Mark Millar, the now famous comic book writer, has faced a lot of heat with the movie adaptations of his Kick-Ass series. Most of the criticism is leveled at the amount of violence present in his comics and the films, which he co-produced. This criticism in part has only intensified with the upcoming release of Kick-Ass 2. Part of this has been spurred on by Jim Carrey’s sudden refusal to participate in the film’s promotional campaign following events like the Sandy Hook Elementary shooting. Yet, the question begs to be asked: is any of this criticism justified, and is this just another case of the media singling out one work as a scapegoat?


Mark Millar’s comic series Kick-Ass is inherently violent. A story about a high-schooler who admires superheroes so much that he decides to become one himself. Even if the violence were kept to a minimum, as a crime-fighting vigilante, Kick Ass would eventually do just as his name implies and kick some ass. The fact is that there is no denying that Mark Millar takes a certain pleasure in violence and its depiction. It’s titular character Dave Lizewski is a naive teen enamored with the idea of a secret, law-enforcing alter ego. He is not by his very nature a blood thirsty bullish type. However, Dave’s slightly pathetic and endearingly innocent attempts at superherodom are completely overshadowed in the series by the characters of Big Daddy and Hit Girl. Herein, I believe is the heart of the issue. 
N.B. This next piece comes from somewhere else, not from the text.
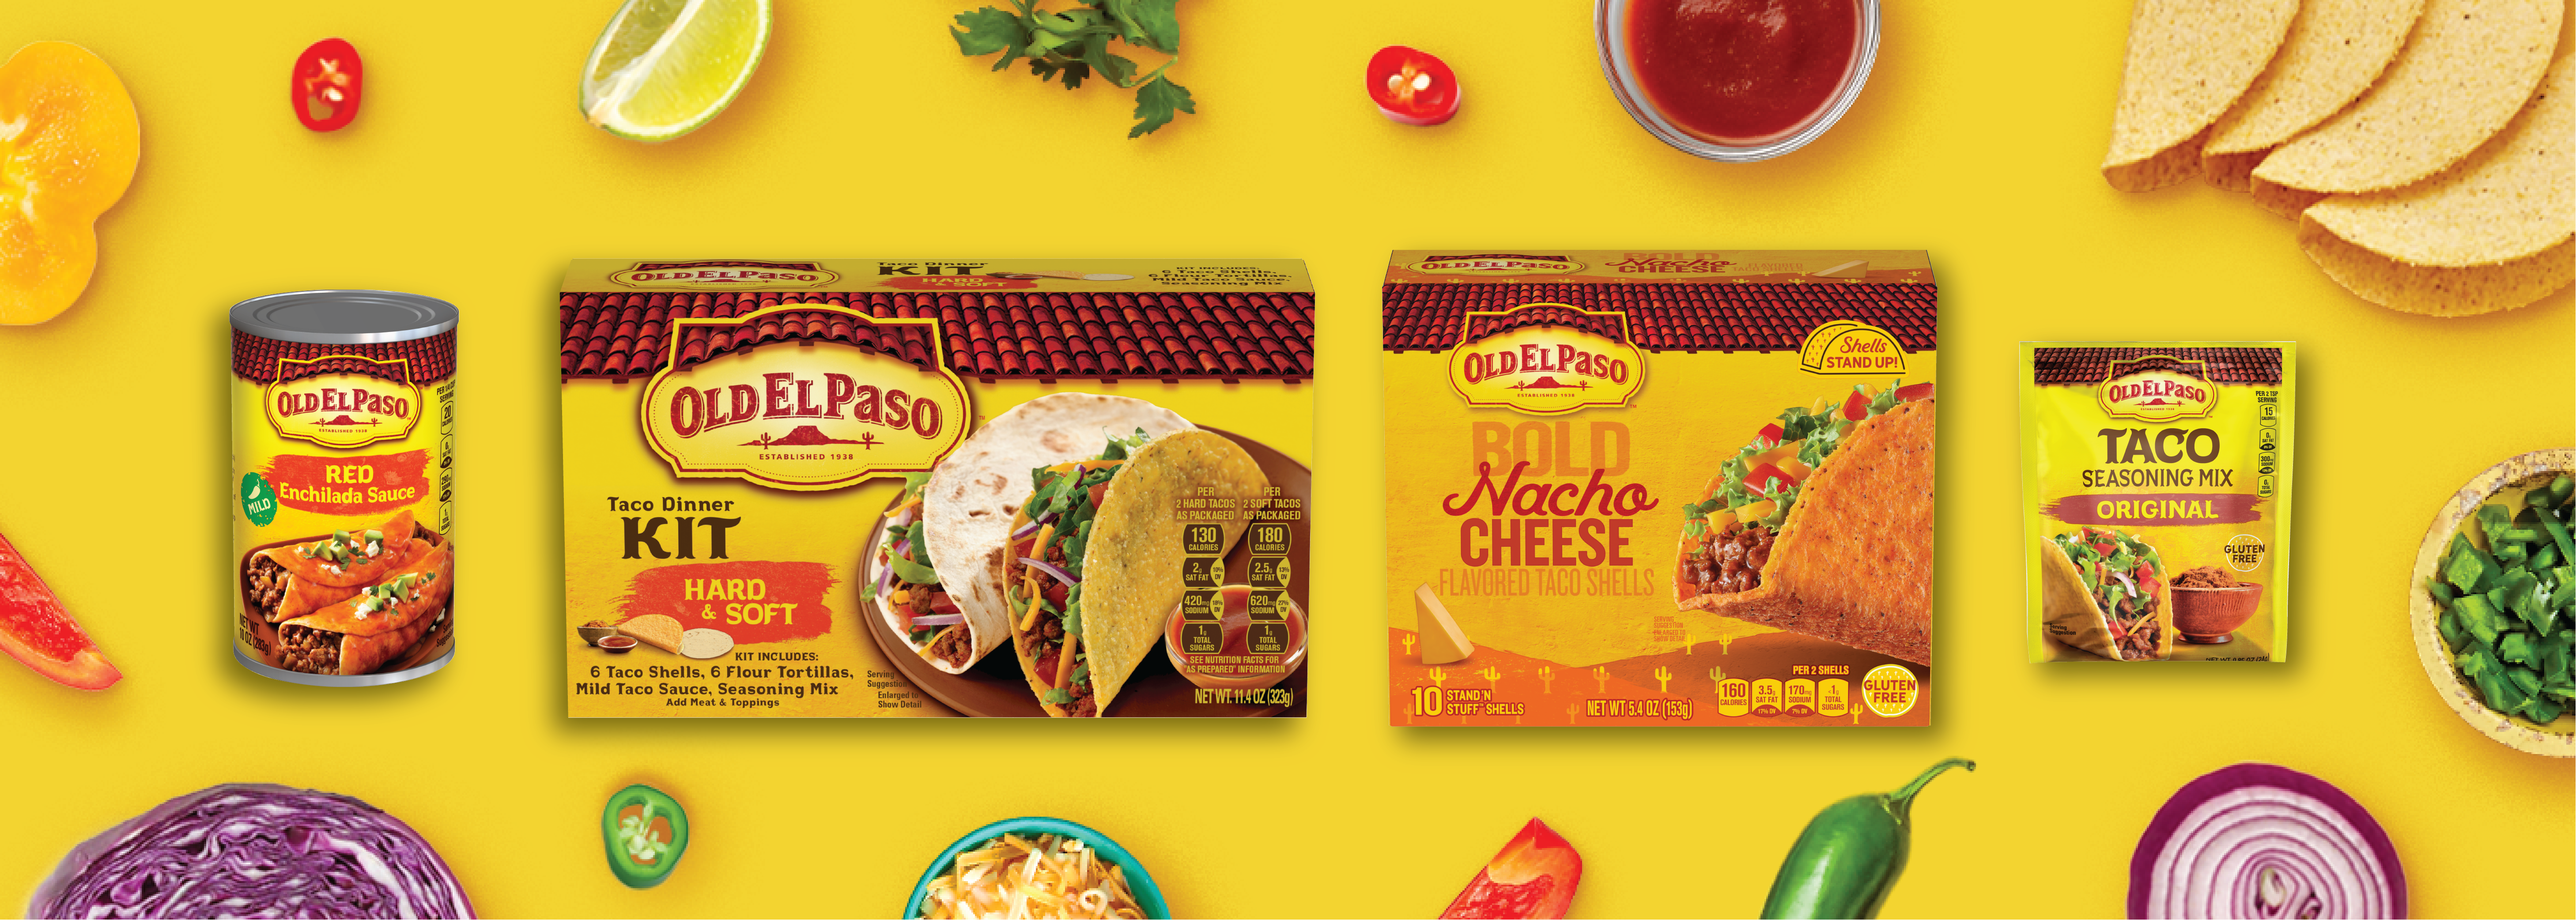 Old El Paso Assorted products including Red Enchilada Sauce, front of can; Taco dinner kit, front of box; Bold Nacho Cheese flavored taco shells, front of box; and original taco seasoning mix, front of package, on a yellow background surrounded by taco ingredients

Big Daddy and Hit Girl are a father-daughter vigilante team whose intense desire to stop any and all crime borders on a fetishistic relationship with violence. In a scene depicted in both the comic and film, Big Daddy shoots his own daughter (she’s wearing a bulletproof vest) in order to accustom her to the threat and feeling of being shot at. Big Daddy strips his daughter of any normal childhood and single-mindedly trains her to be a ruthless killing machine, all as part of his crusade to fight evil. He makes presents out of assault rifles and knives to his daughter. He has her memorize important facts and dates about weapons and memorable action films. There is almost an implication that nothing is out of bounds as long as it is done under the guise of fighting crime.


What seems to be most problematic about Kick-Ass is that one of its deadliest characters is only a ten year old girl. This is exactly what Roger Ebert seemed to find most appalling in his one-star review of the film which he called “morally reprehensible.” Hit Girl is played by the older-looking Chloe Grace Moretz in the film, but Ebert cannot comprehend how a girl her age can commit such brutal acts of violence. “Big Daddy and Mindy never have a chat about, you know, stuff like how when you kill people, they are really dead,” says Ebert. Children are so universally regarded as innocent beings who need to be protected that such a breach of this standard is hard for most people to accept.
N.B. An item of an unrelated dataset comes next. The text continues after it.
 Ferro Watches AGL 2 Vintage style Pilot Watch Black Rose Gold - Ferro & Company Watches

It is this very same principle that caused star Jim Carrey to pull out of any promos for the film. After the tragic death of twenty children and six adults at Sandy Hook Elementary, Carrey felt he could no longer support the violence in the film, not necessarily the film itself. Mark Millar went on record saying that Kick-Ass like other movies provide “escapism” from these events. On the one hand this is true. Millar’s books and films provide a way for audiences to enjoy seeing bad guys finally get what they deserve. The good guy always wins and justice prevails. However, the films walk a fine line on what is and is not acceptable in the pursuit of justice. Mark Millar wrote Kick-Ass on the good side, but it’s up to each individual person to decide for themselves whether or not he’s crossed that line.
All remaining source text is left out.